The War on Pseudoscience

Because James Ben seems to be very keen on getting this Google bomb up to the top spot, and because I hate pseudoscience as much as the next man (unless the next man is PZ Meyers or Richard Dawkins, in which case I may not hate it quite as much but only because I haven’t had as long a run up as either of them) I bring you Penta Water, or at least the Guardian’s Bad Science take on it.

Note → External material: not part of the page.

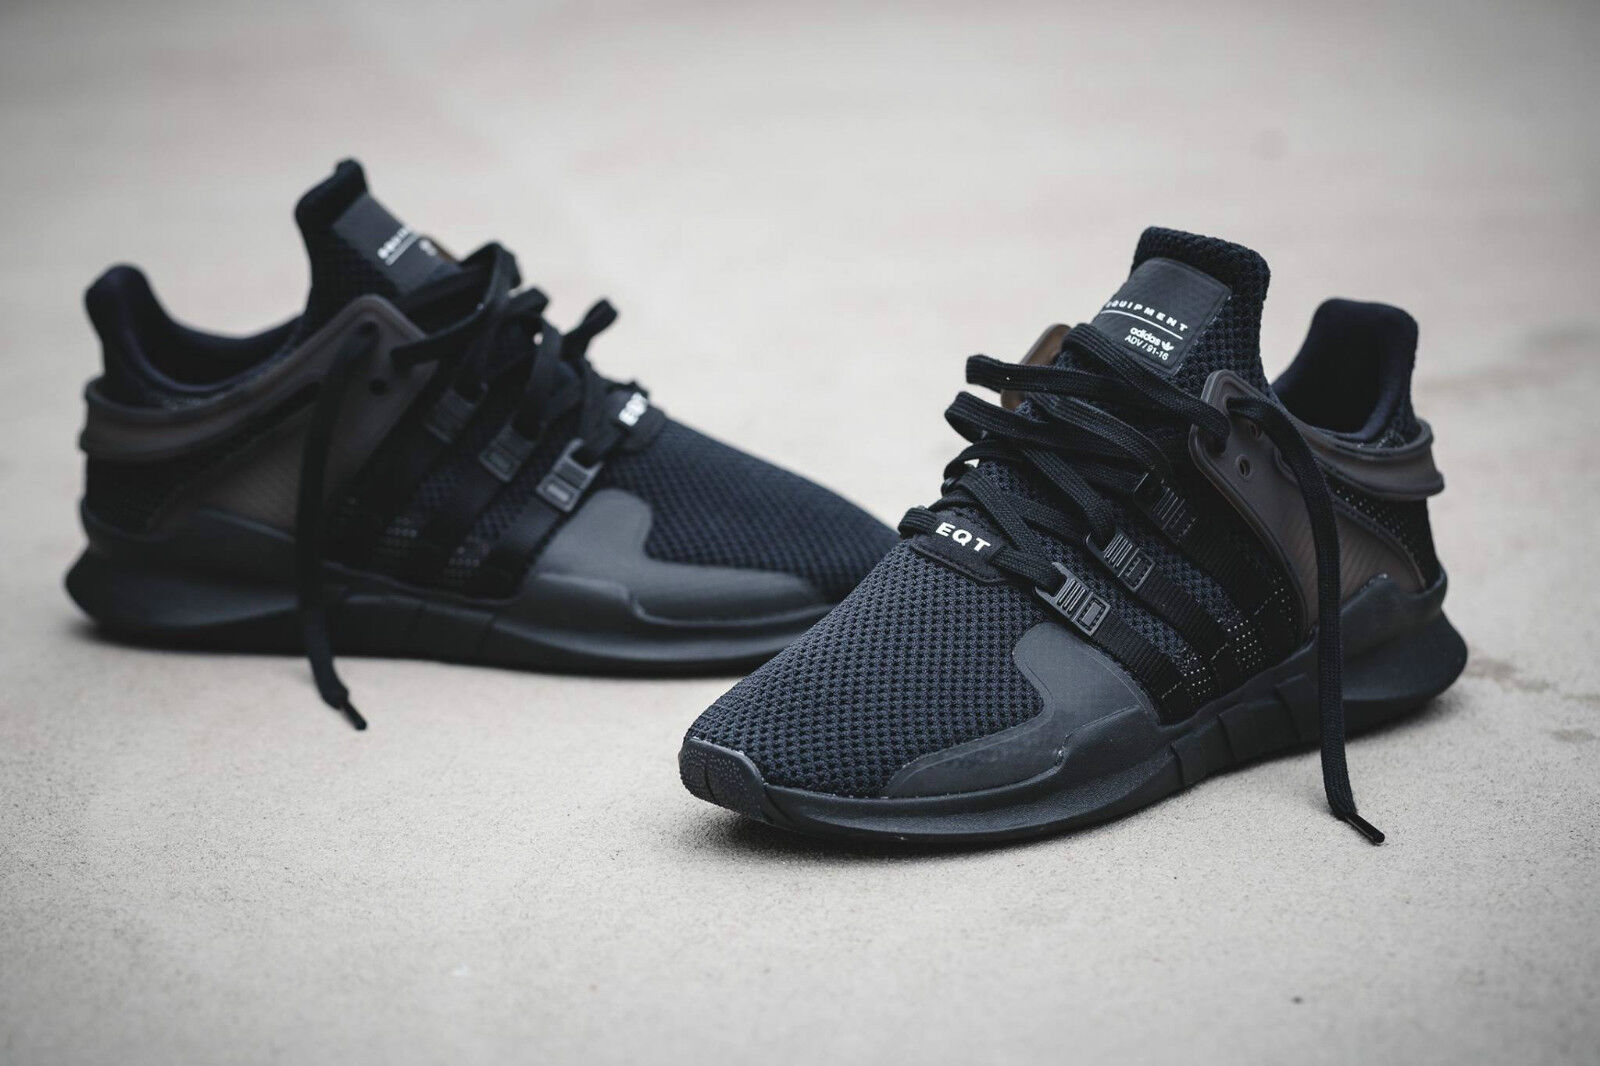 Adidas Adidas Adidas eqt nero / bianco supporto avanzata ba8324 ba8322 (dimensioni) spinta pk 3b8c7e
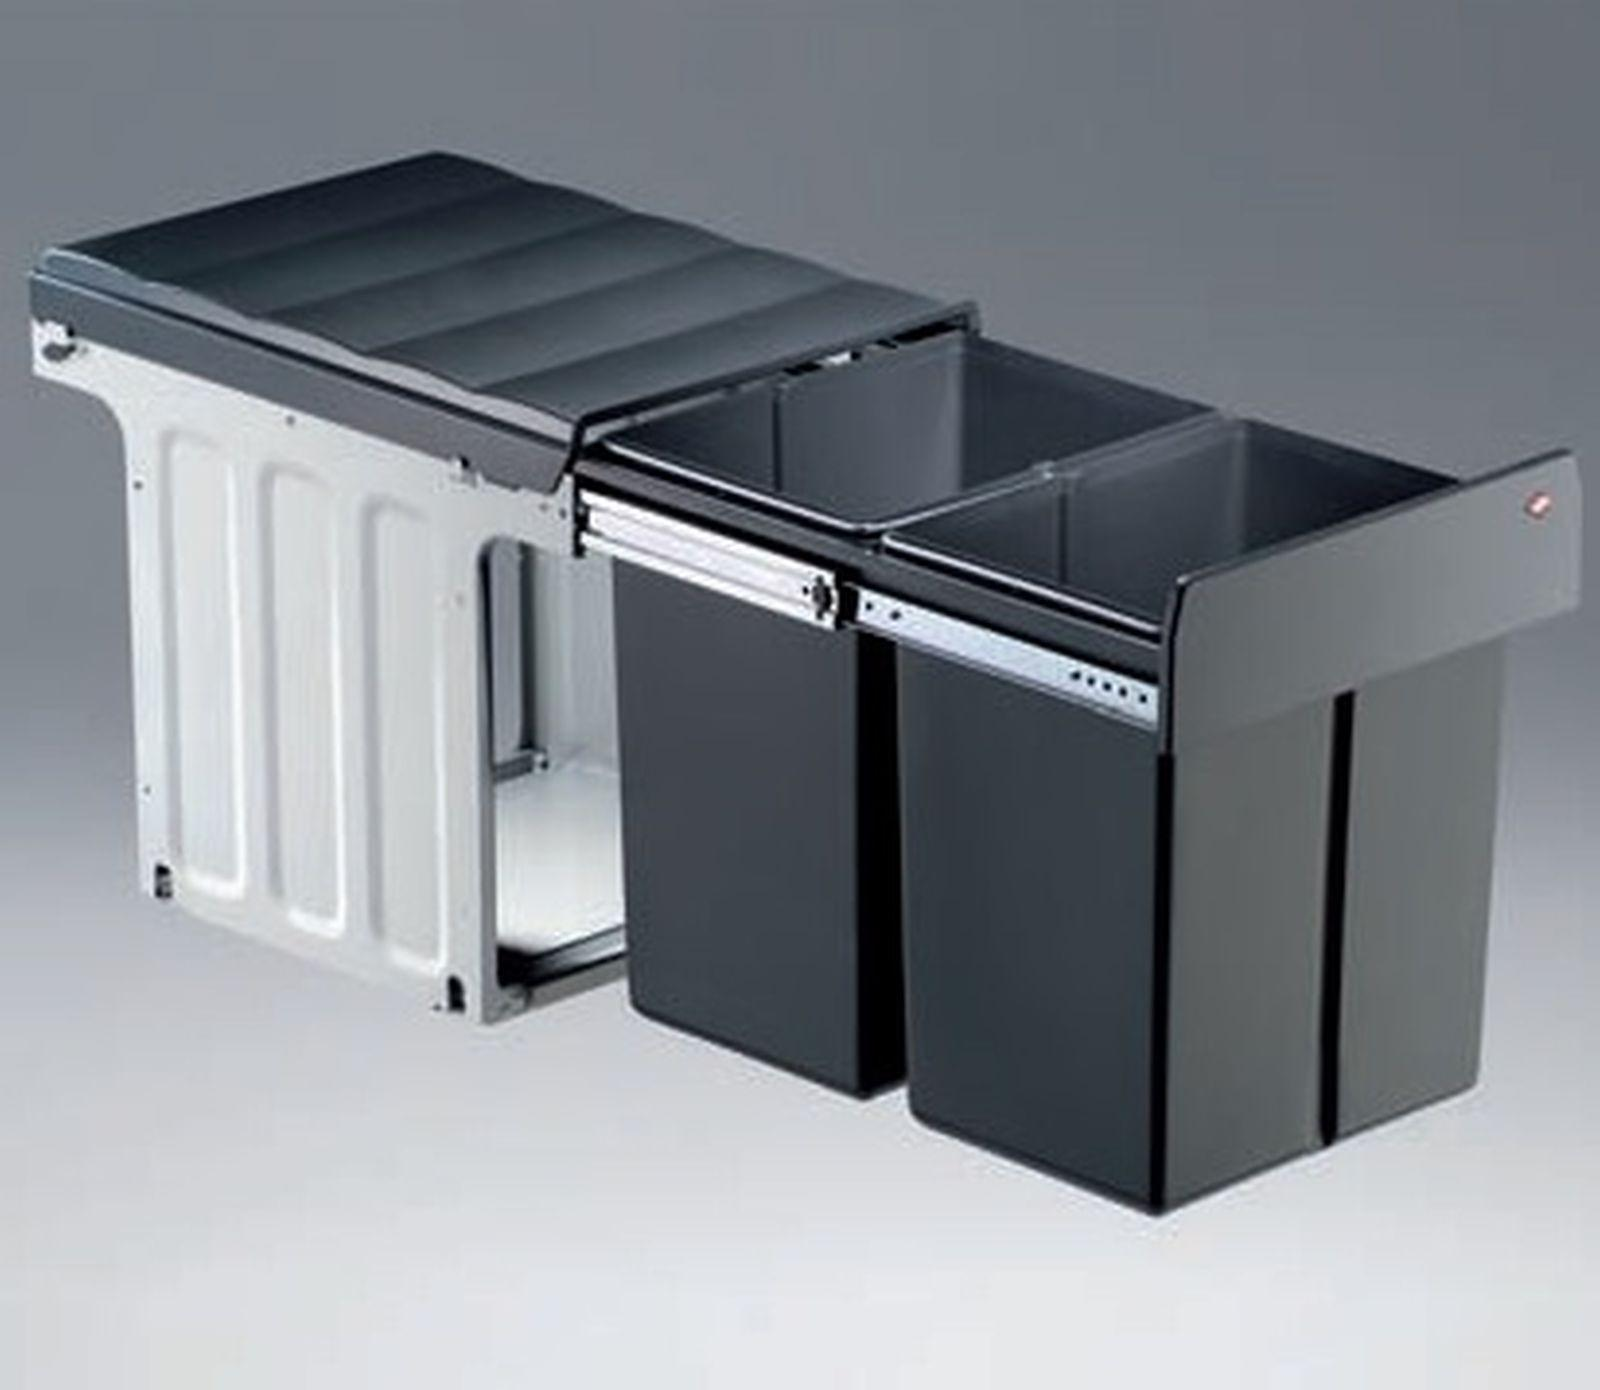 Wesco Double Master 40 Dt Abfallsammler 2 X 16 Liter Kuchen

Government-Sanctioned Opression

I noticed during my endless window-staring on the cursed 84x in to college this morning that a few of the shops I passed were closed. There weren’t that many, but seeing as it was about 10 o’clock on a Wednesday morning I was surprised to see any shops closed. You have to wonder why their proprietors chose not to open up this morning. Of course I didn’t wonder, because the reason was immediately apparent from the fact that all of these mysteriously-closed establishments were off-licences. Ash Wednesday. One of the (thankfully) few days left in this country when it becomes okay for the Catholic majority to opress the rest of us.

Last time I checked—which was, incidentally, just a few moments ago at the census website—over 11 percent of the population of Ireland was composed of non-Catholics. Maybe I should be thankful I’m still allowed to eat meat (note to Catholics: fish is meat).

Barriers to One-Click Publishing

I have four installations of Firefox—one each on Windows and Linux in college and at home—each with slightly different settings, extensions, and bookmarks. None of them (until just a few seconds ago) had a bookmark for the posting page for SoylentRed. This may be part of the reason for my infrequent posting. Alternatively it may just be a symptom.